Top of Input records

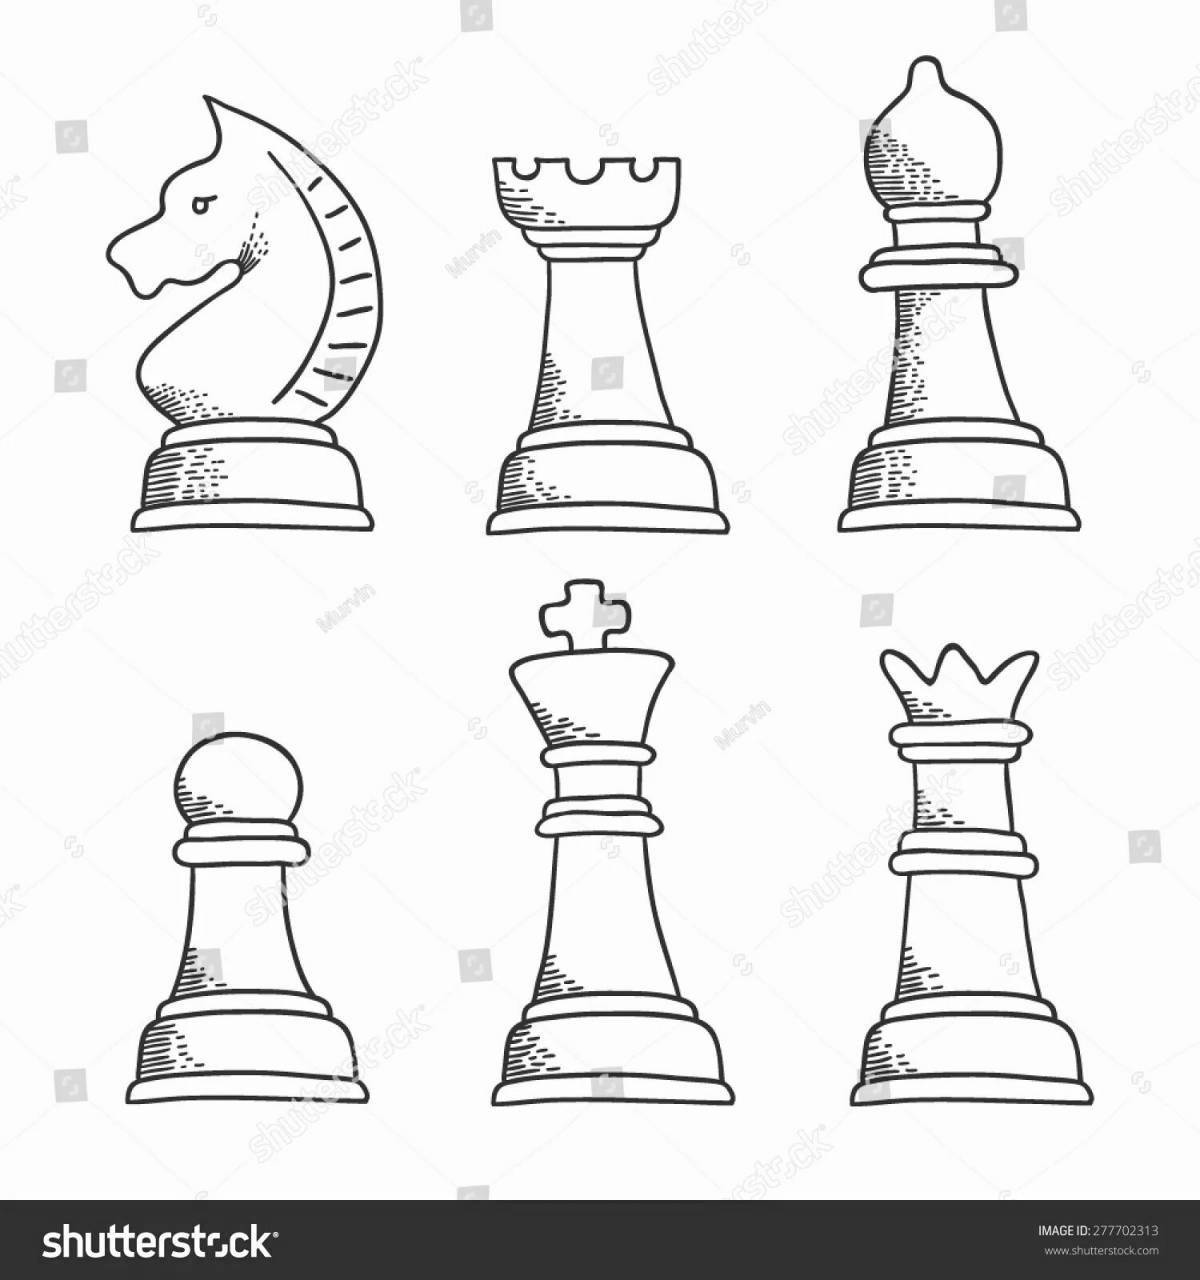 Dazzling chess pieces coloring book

Bottom of Input records
Top of Input records

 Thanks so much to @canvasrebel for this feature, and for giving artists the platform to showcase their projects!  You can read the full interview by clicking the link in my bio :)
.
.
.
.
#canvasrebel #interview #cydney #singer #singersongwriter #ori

Bottom of Input records
Top of Input records

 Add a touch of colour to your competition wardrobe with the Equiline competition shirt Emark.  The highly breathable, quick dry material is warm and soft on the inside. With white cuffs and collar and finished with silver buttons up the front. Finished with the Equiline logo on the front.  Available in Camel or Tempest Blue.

Bottom of Input records

**Exercise instructions**
Return the span of lines in the data above that opens at the line with "Thanks so much" and closes at the line with "#canvasrebel #interview #cydney", exactly, ends included, nothing else.

**Task answer**
 Thanks so much to @canvasrebel for this feature, and for giving artists the platform to showcase their projects!  You can read the full interview by clicking the link in my bio :)
.
.
.
.
#canvasrebel #interview #cydney #singer #singersongwriter #ori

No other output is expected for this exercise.